* [Required action]: Taking the data below, please print only the lines from the line holding "Cette stèle est" to the line holding "労働者の 98% が少なくとも一部の時間はリモートで働きたいという願望を表明していることを示す図", inclusive, with pictures omitted.

* [Data in this exercise]:
---+---
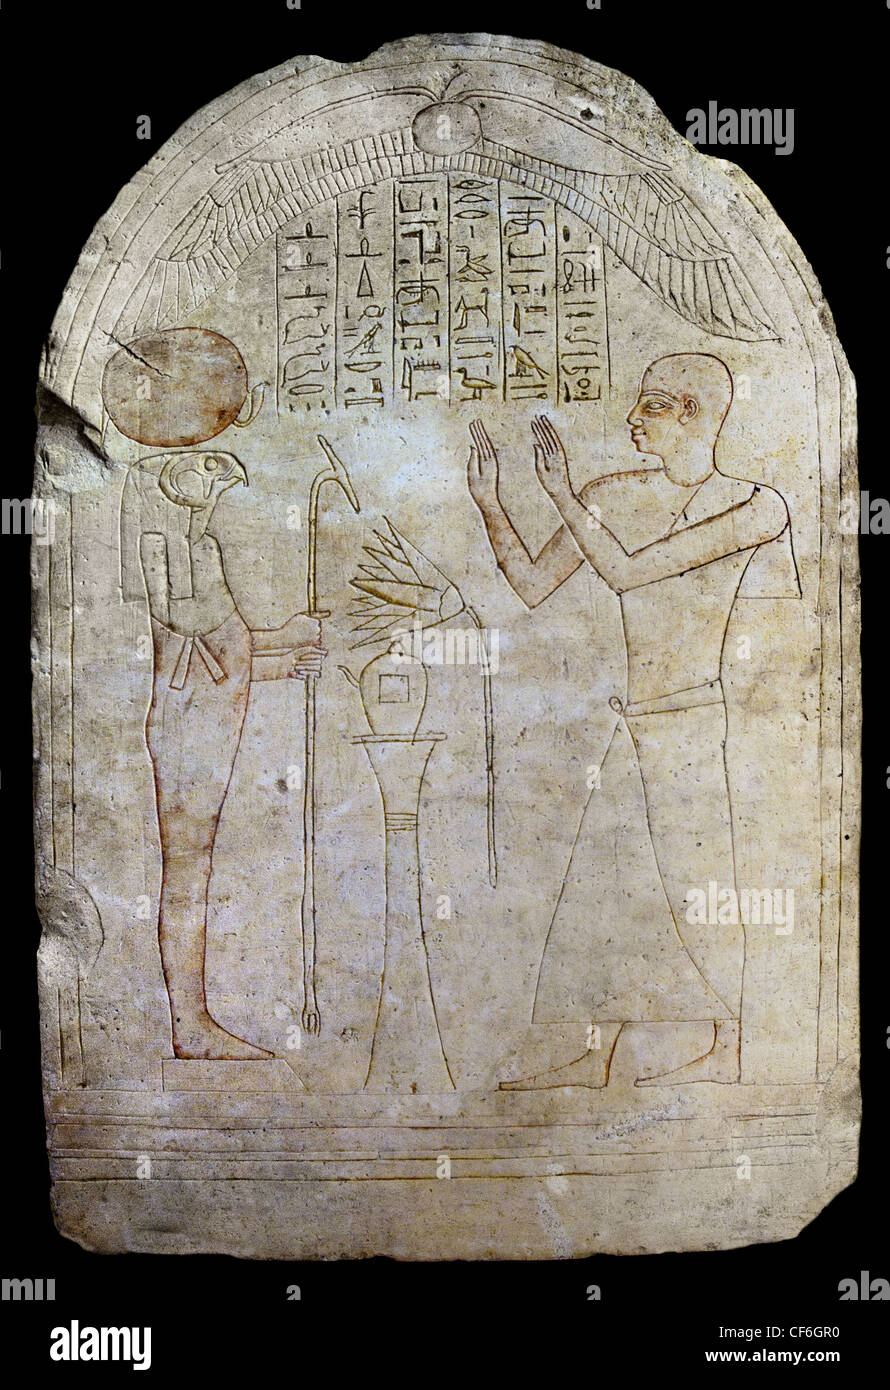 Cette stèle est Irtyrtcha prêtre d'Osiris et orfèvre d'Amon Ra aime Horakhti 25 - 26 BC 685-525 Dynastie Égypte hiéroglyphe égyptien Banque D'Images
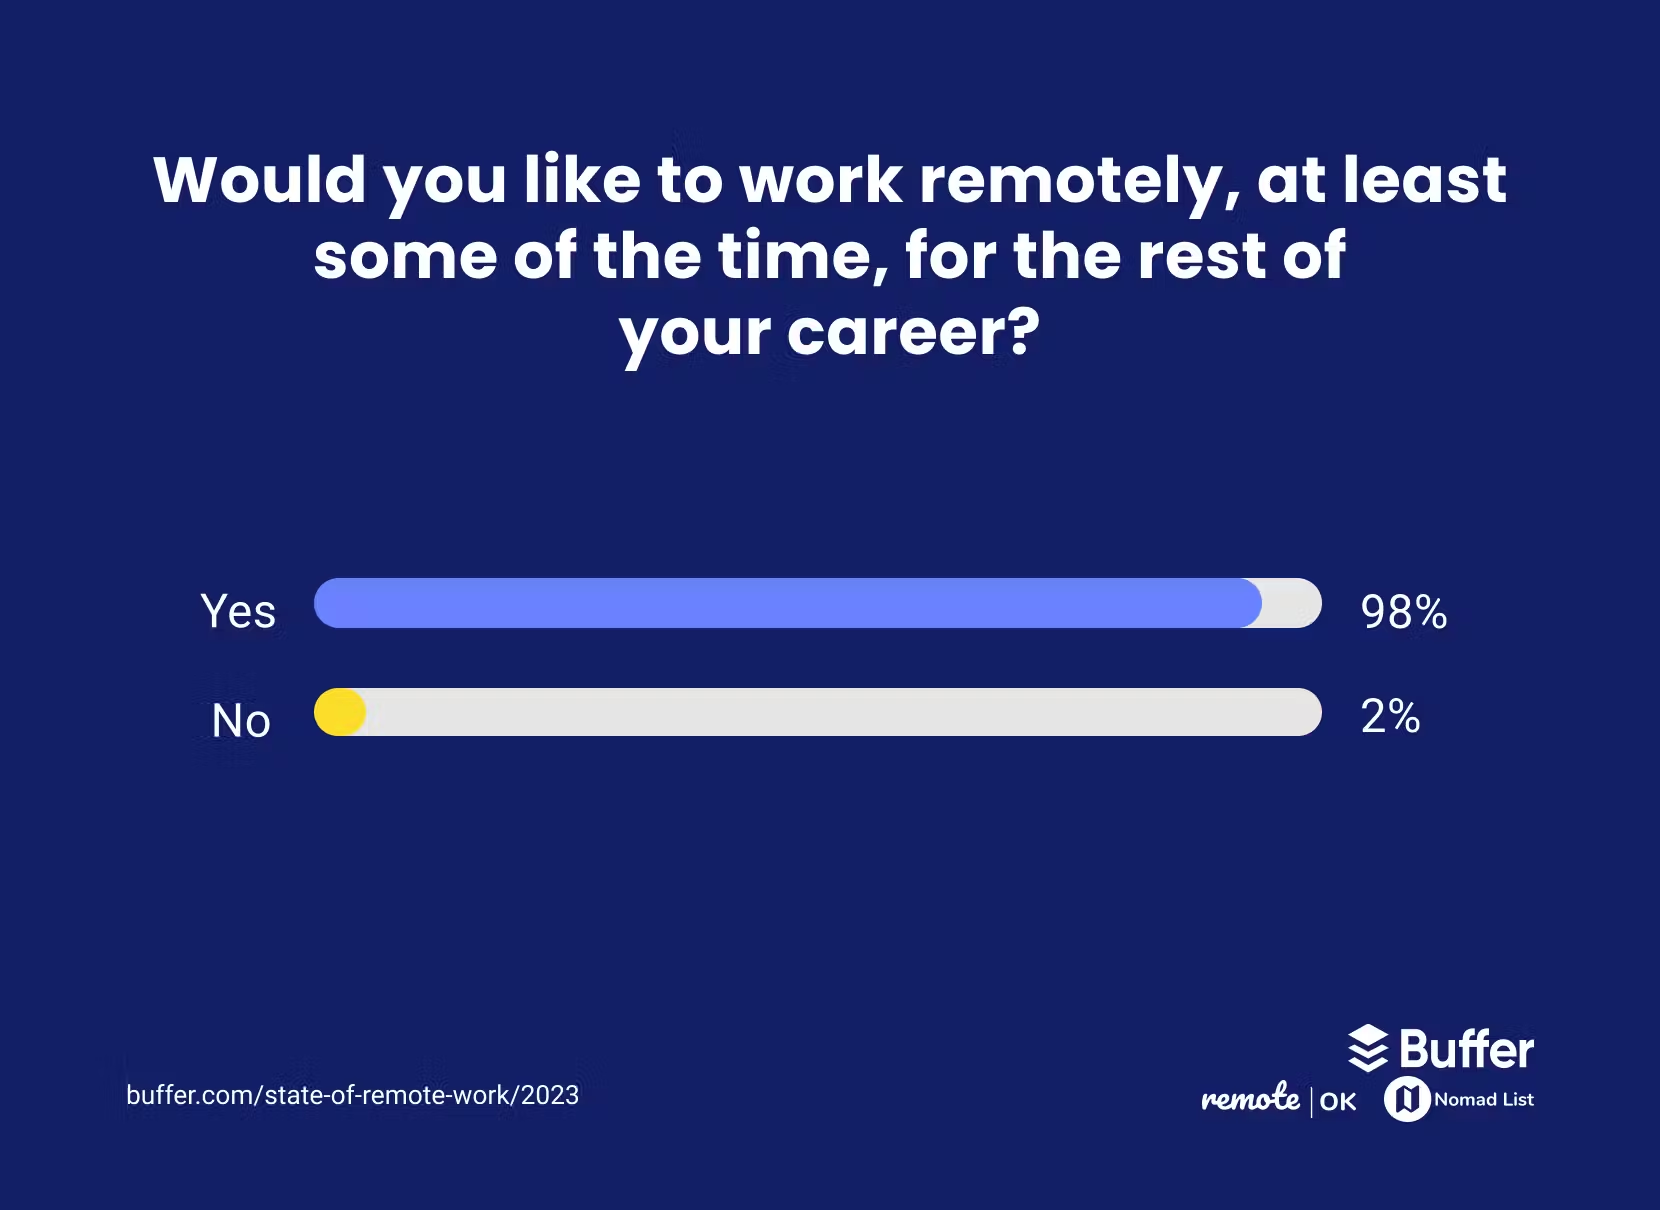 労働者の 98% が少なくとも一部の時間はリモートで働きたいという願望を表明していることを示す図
---+---
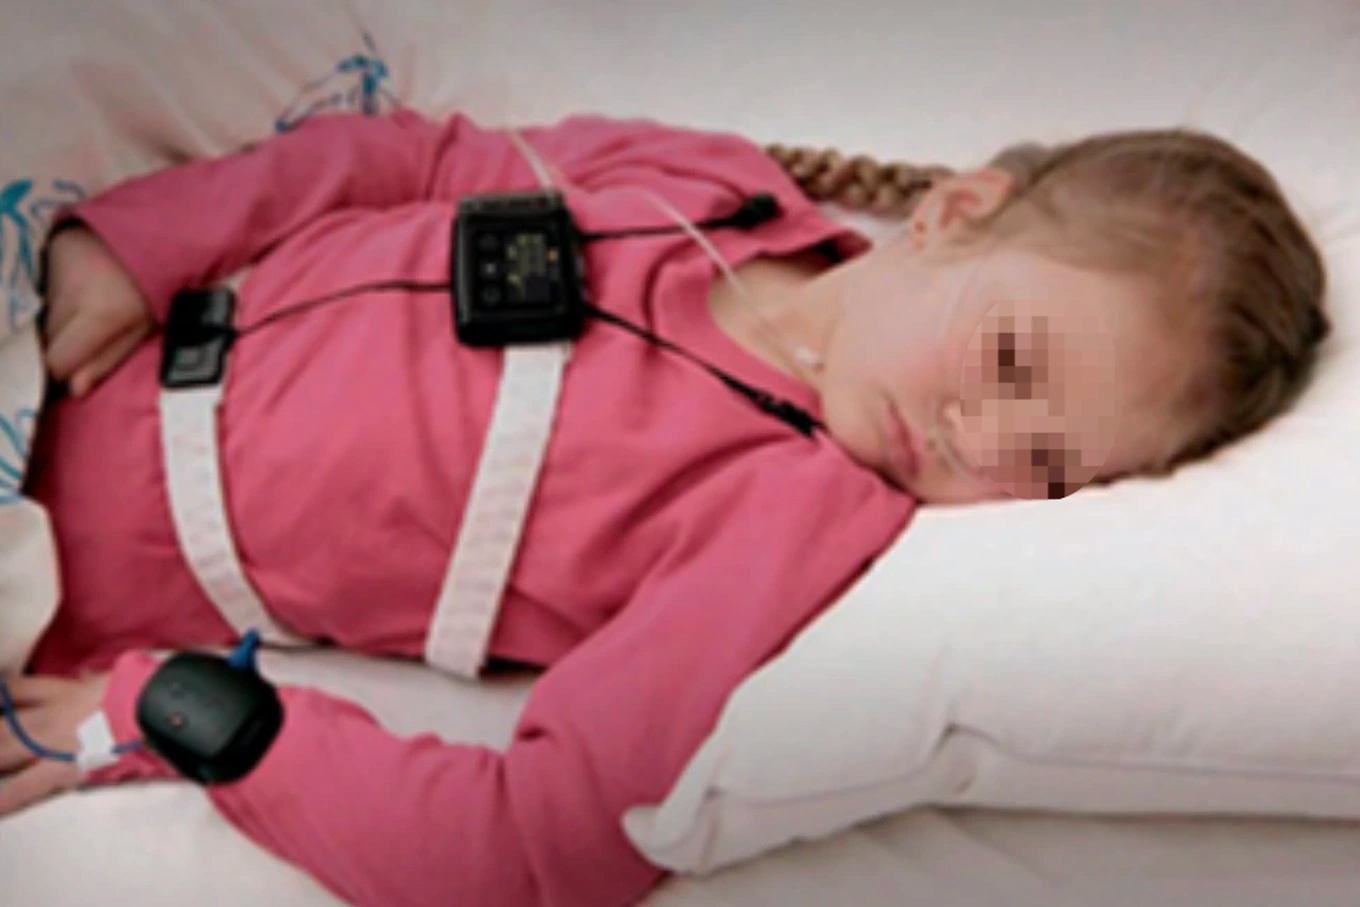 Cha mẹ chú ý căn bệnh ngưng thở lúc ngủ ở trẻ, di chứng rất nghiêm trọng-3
---+---
* [Answer for this exercise]:
 Cette stèle est Irtyrtcha prêtre d'Osiris et orfèvre d'Amon Ra aime Horakhti 25 - 26 BC 685-525 Dynastie Égypte hiéroglyphe égyptien Banque D'Images
 労働者の 98% が少なくとも一部の時間はリモートで働きたいという願望を表明していることを示す図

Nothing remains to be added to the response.